Born on 31st March, 1840 in Westminster Township, Upper Canada (now the Province of Ontario), he was the eldest son of John Walsingham Cooke Meredith (1809-1881) J.P., of London, an Irish barrister who emigrated to Upper Canada in 1834 with Sarah (1818-1900), daughter of Anthony Pegler (1792-1871) of King's Stanley, Gloucestershire, whom he married the following year. William and his well known brothers were collectively known as 'The Eight London Merediths' who included Sir Vincent Meredith and Charles Meredith, and they were first cousins with The Rt. Hon. Richard Edmund Meredith (1855-1926) P.C., Q.C., Master of the Rolls of Ireland and Frederick Walsingham Meredith (1859-1924), President of the Law Society of Ireland. Meredith's father was a first cousin of Sir William Collis Meredith of Quebec, Edmund Allen Meredith, and Sir James Creed Meredith (1842-1912) of Dublin (the father of Judge James Creed Meredith also of Dublin).

Early career

Following his education in London, William articled with Thomas Scatcherd of London before winning a two year scholarship to the University of Toronto to study law. Called to the bar in 1861 he returned to London, entering into partnership with Scatcherd and not before long was considered to be 'the acknowledged leader of the London Bar'.

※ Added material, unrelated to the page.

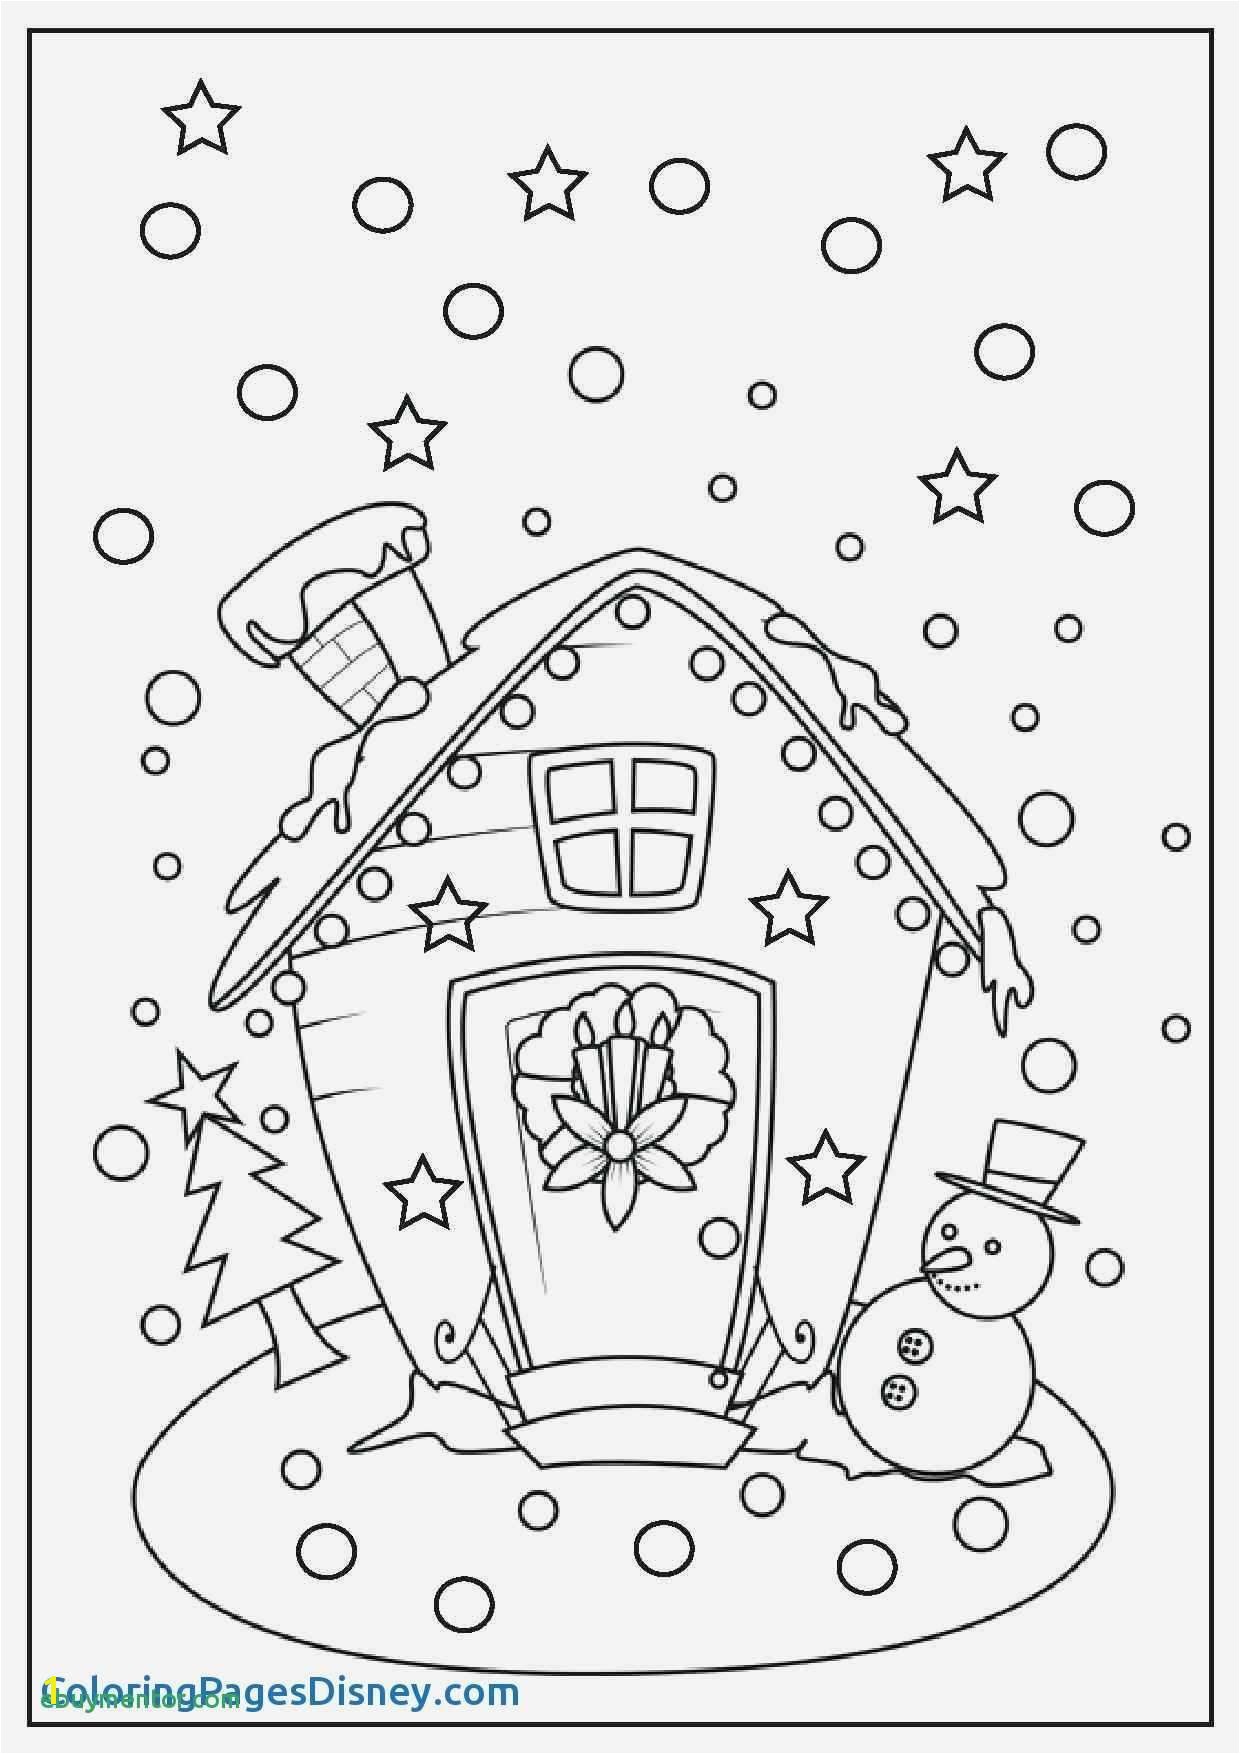 Christmas Coloring Pages Ks2 Free Printables Christmas Coloring Pages Cool Coloring Printables 0d

In 1871 he was elected a Bencher of the Law Society of Upper Canada, and the following year he was awarded his LL.B from the University of Toronto. In 1875 he became a Queen's Counsel (Q.C.) and after the death of Thomas Scatcherd succeeded him as London's City Solicitor, a position his brother, Thomas Graves Meredith (1853-1945) K.C., would also later hold. From 1879 to 1888 he served as the first president of the Middlesex Law Association. In 1888 he left London to take over from William Alexander Foster's (1840-1888) firm in Toronto. That same year saw him become an honorary member of the Law Faculty of the University of Toronto, from where he was granted an honorary LL.D in 1889.

Political career

Meredith had entered into politics in 1872 as a Conservative, when he succeeded Sir John Carling (whose daughter, Jessie, married William's brother, Thomas Graves Meredith) as London's representative to the Legislative Assembly of Ontario. He was considered a radical by many Tories, but this didn't prevent him being named Deputy Leader of the Party in 1878 and after the retirement of John Hillyard Cameron the following year, without even the formality of a ballot, he was chosen as the Party's Leader.

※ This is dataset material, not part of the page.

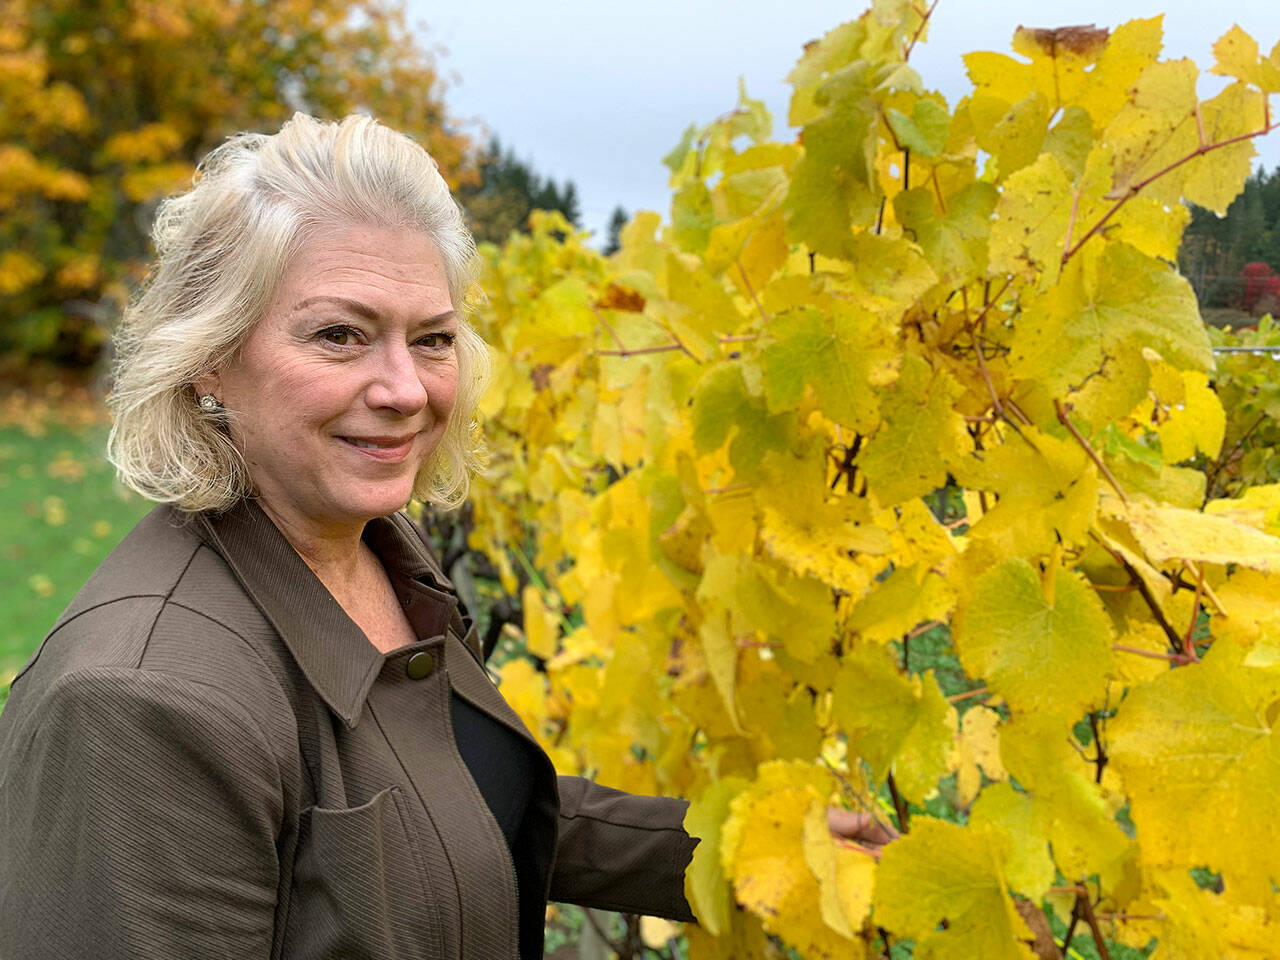 Mary Ellen Houston says she is an extrovert and loves interacting with people visiting the Olalla Vineyard and Winery’s tasting room. (Bob Smith | Kitsap Daily News)

He was actively against women's rights, but this was counter-balanced by his progressive political philosophy towards the (albeit male) Indians and the relief of male suffrage in his legislation in favour of worker's rights, still remembered today as the father of Ontario's Workers' compensation system. Despite this and other succeses under Meredith's leadership the Conservatives never reached power. Meredith saw his position as a part-time commitment (he had a full-time legal practice) and the Prime Minister, Sir John A. Macdonald's, conservative hard-line caused Meredith many embarrassments, but to a greater extent his lack of real political success was a direct result of the political skill of the opposition's leader, Sir Oliver Mowat (1820-1903).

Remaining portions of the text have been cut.